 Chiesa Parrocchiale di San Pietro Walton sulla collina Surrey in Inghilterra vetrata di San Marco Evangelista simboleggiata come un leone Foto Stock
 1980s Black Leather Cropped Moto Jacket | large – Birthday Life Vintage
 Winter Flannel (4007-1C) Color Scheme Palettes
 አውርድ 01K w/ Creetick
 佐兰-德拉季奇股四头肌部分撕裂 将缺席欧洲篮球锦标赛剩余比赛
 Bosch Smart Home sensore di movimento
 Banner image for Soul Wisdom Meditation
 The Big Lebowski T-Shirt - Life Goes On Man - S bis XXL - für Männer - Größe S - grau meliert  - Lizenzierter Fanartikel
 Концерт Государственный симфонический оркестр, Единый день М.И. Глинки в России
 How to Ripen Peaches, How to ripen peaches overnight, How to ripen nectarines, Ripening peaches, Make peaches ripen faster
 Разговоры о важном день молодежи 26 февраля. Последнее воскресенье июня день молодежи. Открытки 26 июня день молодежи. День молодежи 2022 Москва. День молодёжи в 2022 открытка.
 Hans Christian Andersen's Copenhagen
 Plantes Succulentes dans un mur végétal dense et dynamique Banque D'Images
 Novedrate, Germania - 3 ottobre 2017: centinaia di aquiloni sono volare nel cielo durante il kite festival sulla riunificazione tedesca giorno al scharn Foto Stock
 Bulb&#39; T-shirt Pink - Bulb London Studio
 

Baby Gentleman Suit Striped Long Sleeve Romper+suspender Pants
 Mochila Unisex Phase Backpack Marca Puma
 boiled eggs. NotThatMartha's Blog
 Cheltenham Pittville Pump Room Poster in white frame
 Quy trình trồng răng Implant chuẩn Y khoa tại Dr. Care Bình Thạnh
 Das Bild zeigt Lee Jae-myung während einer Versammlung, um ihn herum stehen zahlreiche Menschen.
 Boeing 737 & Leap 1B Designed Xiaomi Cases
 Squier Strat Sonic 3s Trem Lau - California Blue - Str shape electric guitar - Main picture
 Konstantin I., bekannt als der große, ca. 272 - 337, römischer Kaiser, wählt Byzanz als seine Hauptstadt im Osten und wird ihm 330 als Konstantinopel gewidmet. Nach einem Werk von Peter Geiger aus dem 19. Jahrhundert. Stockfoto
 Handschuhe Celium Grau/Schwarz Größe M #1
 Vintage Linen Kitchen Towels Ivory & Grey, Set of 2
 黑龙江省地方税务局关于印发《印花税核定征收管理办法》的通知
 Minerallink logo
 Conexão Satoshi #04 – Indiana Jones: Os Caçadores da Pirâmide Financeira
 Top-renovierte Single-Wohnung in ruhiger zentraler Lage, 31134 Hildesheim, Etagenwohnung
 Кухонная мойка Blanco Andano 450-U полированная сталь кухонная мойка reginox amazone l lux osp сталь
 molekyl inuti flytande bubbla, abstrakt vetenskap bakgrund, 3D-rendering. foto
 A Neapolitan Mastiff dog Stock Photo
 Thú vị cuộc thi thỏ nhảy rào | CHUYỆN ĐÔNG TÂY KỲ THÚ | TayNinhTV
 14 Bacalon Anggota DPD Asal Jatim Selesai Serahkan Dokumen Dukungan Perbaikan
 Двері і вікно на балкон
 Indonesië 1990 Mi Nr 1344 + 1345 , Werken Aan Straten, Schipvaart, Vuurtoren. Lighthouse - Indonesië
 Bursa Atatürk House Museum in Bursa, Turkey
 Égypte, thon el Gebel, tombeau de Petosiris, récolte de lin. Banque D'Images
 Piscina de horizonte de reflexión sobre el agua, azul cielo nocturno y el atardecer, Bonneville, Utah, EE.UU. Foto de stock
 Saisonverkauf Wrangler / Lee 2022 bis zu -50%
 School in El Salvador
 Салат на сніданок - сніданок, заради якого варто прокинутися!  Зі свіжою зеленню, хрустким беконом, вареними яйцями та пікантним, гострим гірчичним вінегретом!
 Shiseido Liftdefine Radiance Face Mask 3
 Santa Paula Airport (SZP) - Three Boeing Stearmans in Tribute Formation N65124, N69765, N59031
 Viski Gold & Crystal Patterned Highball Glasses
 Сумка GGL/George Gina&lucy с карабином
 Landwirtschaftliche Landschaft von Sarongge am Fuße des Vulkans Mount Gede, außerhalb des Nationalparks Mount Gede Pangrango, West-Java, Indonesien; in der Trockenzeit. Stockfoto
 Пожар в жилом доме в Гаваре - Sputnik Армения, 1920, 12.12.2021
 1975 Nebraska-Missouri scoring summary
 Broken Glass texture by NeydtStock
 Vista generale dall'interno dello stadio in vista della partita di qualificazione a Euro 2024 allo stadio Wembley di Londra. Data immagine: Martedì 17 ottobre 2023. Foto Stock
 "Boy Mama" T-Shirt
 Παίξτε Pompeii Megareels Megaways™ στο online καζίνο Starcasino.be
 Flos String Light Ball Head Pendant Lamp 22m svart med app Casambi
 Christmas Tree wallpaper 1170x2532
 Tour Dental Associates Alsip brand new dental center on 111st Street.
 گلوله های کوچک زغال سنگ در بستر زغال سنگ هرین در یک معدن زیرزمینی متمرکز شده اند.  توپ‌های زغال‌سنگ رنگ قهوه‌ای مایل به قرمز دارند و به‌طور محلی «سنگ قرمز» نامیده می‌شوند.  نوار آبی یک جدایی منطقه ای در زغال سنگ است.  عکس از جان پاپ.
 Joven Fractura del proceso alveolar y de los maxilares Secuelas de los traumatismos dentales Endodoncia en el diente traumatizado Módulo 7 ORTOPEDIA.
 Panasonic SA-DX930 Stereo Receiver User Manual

What you are asked to do: The expected answer is the complete material, restated exactly.

Solution to this problem:
 Chiesa Parrocchiale di San Pietro Walton sulla collina Surrey in Inghilterra vetrata di San Marco Evangelista simboleggiata come un leone Foto Stock
 1980s Black Leather Cropped Moto Jacket | large – Birthday Life Vintage
 Winter Flannel (4007-1C) Color Scheme Palettes
 አውርድ 01K w/ Creetick
 佐兰-德拉季奇股四头肌部分撕裂 将缺席欧洲篮球锦标赛剩余比赛
 Bosch Smart Home sensore di movimento
 Banner image for Soul Wisdom Meditation
 The Big Lebowski T-Shirt - Life Goes On Man - S bis XXL - für Männer - Größe S - grau meliert  - Lizenzierter Fanartikel
 Концерт Государственный симфонический оркестр, Единый день М.И. Глинки в России
 How to Ripen Peaches, How to ripen peaches overnight, How to ripen nectarines, Ripening peaches, Make peaches ripen faster
 Разговоры о важном день молодежи 26 февраля. Последнее воскресенье июня день молодежи. Открытки 26 июня день молодежи. День молодежи 2022 Москва. День молодёжи в 2022 открытка.
 Hans Christian Andersen's Copenhagen
 Plantes Succulentes dans un mur végétal dense et dynamique Banque D'Images
 Novedrate, Germania - 3 ottobre 2017: centinaia di aquiloni sono volare nel cielo durante il kite festival sulla riunificazione tedesca giorno al scharn Foto Stock
 Bulb&#39; T-shirt Pink - Bulb London Studio
 

Baby Gentleman Suit Striped Long Sleeve Romper+suspender Pants
 Mochila Unisex Phase Backpack Marca Puma
 boiled eggs. NotThatMartha's Blog
 Cheltenham Pittville Pump Room Poster in white frame
 Quy trình trồng răng Implant chuẩn Y khoa tại Dr. Care Bình Thạnh
 Das Bild zeigt Lee Jae-myung während einer Versammlung, um ihn herum stehen zahlreiche Menschen.
 Boeing 737 & Leap 1B Designed Xiaomi Cases
 Squier Strat Sonic 3s Trem Lau - California Blue - Str shape electric guitar - Main picture
 Konstantin I., bekannt als der große, ca. 272 - 337, römischer Kaiser, wählt Byzanz als seine Hauptstadt im Osten und wird ihm 330 als Konstantinopel gewidmet. Nach einem Werk von Peter Geiger aus dem 19. Jahrhundert. Stockfoto
 Handschuhe Celium Grau/Schwarz Größe M #1
 Vintage Linen Kitchen Towels Ivory & Grey, Set of 2
 黑龙江省地方税务局关于印发《印花税核定征收管理办法》的通知
 Minerallink logo
 Conexão Satoshi #04 – Indiana Jones: Os Caçadores da Pirâmide Financeira
 Top-renovierte Single-Wohnung in ruhiger zentraler Lage, 31134 Hildesheim, Etagenwohnung
 Кухонная мойка Blanco Andano 450-U полированная сталь кухонная мойка reginox amazone l lux osp сталь
 molekyl inuti flytande bubbla, abstrakt vetenskap bakgrund, 3D-rendering. foto
 A Neapolitan Mastiff dog Stock Photo
 Thú vị cuộc thi thỏ nhảy rào | CHUYỆN ĐÔNG TÂY KỲ THÚ | TayNinhTV
 14 Bacalon Anggota DPD Asal Jatim Selesai Serahkan Dokumen Dukungan Perbaikan
 Двері і вікно на балкон
 Indonesië 1990 Mi Nr 1344 + 1345 , Werken Aan Straten, Schipvaart, Vuurtoren. Lighthouse - Indonesië
 Bursa Atatürk House Museum in Bursa, Turkey
 Égypte, thon el Gebel, tombeau de Petosiris, récolte de lin. Banque D'Images
 Piscina de horizonte de reflexión sobre el agua, azul cielo nocturno y el atardecer, Bonneville, Utah, EE.UU. Foto de stock
 Saisonverkauf Wrangler / Lee 2022 bis zu -50%
 School in El Salvador
 Салат на сніданок - сніданок, заради якого варто прокинутися!  Зі свіжою зеленню, хрустким беконом, вареними яйцями та пікантним, гострим гірчичним вінегретом!
 Shiseido Liftdefine Radiance Face Mask 3
 Santa Paula Airport (SZP) - Three Boeing Stearmans in Tribute Formation N65124, N69765, N59031
 Viski Gold & Crystal Patterned Highball Glasses
 Сумка GGL/George Gina&lucy с карабином
 Landwirtschaftliche Landschaft von Sarongge am Fuße des Vulkans Mount Gede, außerhalb des Nationalparks Mount Gede Pangrango, West-Java, Indonesien; in der Trockenzeit. Stockfoto
 Пожар в жилом доме в Гаваре - Sputnik Армения, 1920, 12.12.2021
 1975 Nebraska-Missouri scoring summary
 Broken Glass texture by NeydtStock
 Vista generale dall'interno dello stadio in vista della partita di qualificazione a Euro 2024 allo stadio Wembley di Londra. Data immagine: Martedì 17 ottobre 2023. Foto Stock
 "Boy Mama" T-Shirt
 Παίξτε Pompeii Megareels Megaways™ στο online καζίνο Starcasino.be
 Flos String Light Ball Head Pendant Lamp 22m svart med app Casambi
 Christmas Tree wallpaper 1170x2532
 Tour Dental Associates Alsip brand new dental center on 111st Street.
 گلوله های کوچک زغال سنگ در بستر زغال سنگ هرین در یک معدن زیرزمینی متمرکز شده اند.  توپ‌های زغال‌سنگ رنگ قهوه‌ای مایل به قرمز دارند و به‌طور محلی «سنگ قرمز» نامیده می‌شوند.  نوار آبی یک جدایی منطقه ای در زغال سنگ است.  عکس از جان پاپ.
 Joven Fractura del proceso alveolar y de los maxilares Secuelas de los traumatismos dentales Endodoncia en el diente traumatizado Módulo 7 ORTOPEDIA.
 Panasonic SA-DX930 Stereo Receiver User Manual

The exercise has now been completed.